§ **Listed records**:

========

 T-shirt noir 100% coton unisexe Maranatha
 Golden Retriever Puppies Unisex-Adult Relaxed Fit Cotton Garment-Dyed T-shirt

========

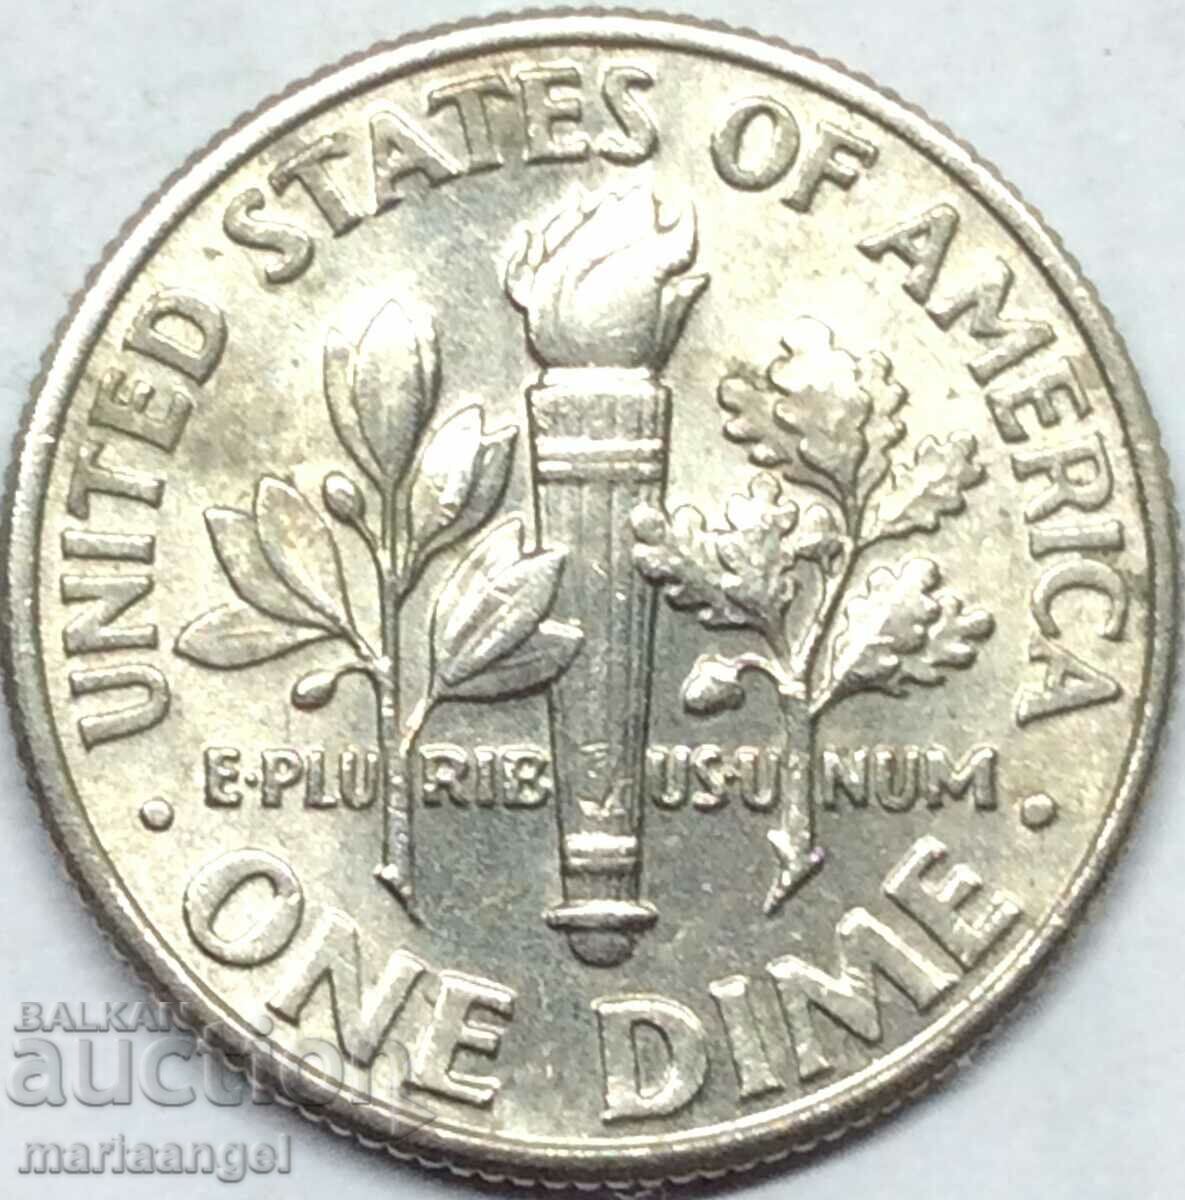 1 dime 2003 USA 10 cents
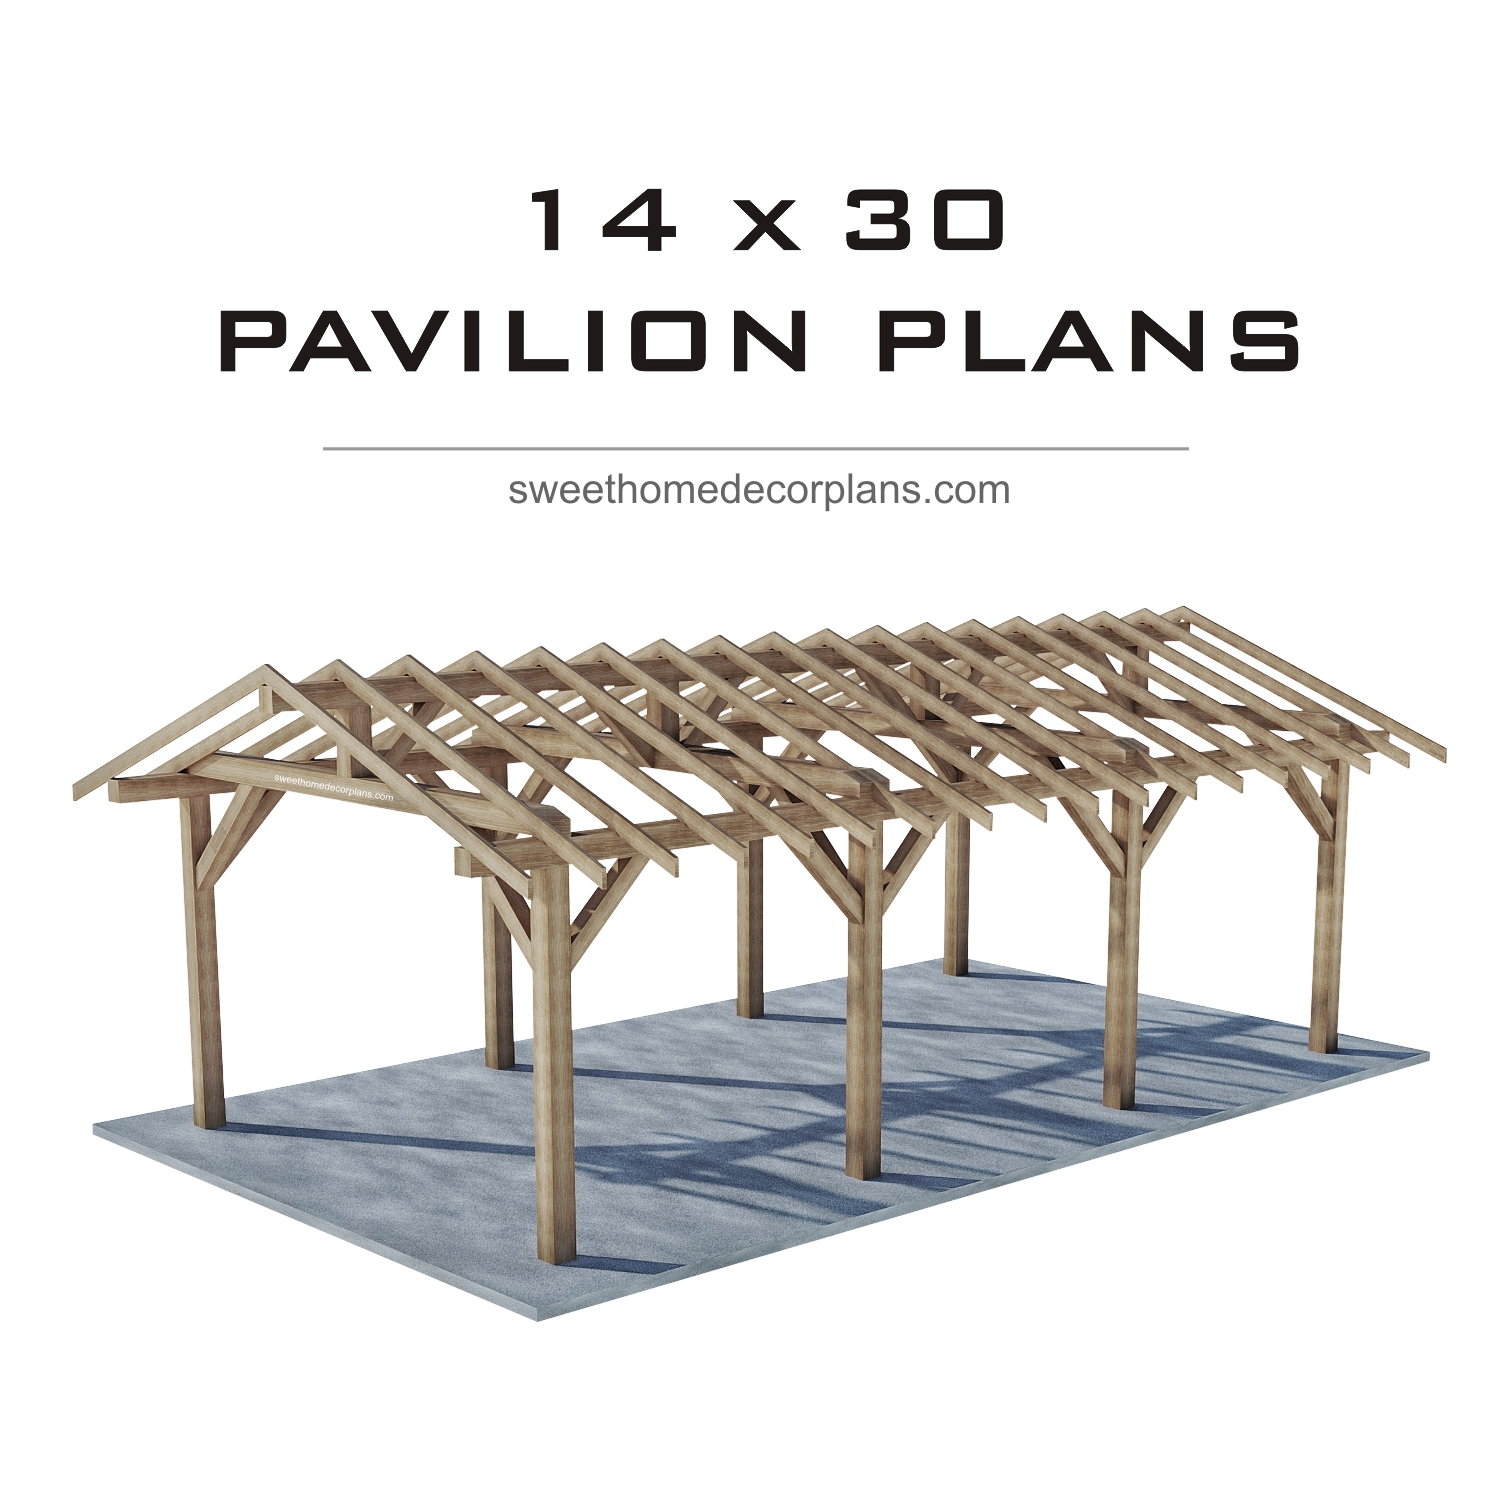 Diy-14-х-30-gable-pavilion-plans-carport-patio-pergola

========

§ **About this task**: Of the lines above, output exactly those from the line bearing "T-shirt noir 100% coton unisexe Maranatha" through the line bearing "Golden Retriever Puppies", inclusive.

§ **Response to this exercise**:
 T-shirt noir 100% coton unisexe Maranatha
 Golden Retriever Puppies Unisex-Adult Relaxed Fit Cotton Garment-Dyed T-shirt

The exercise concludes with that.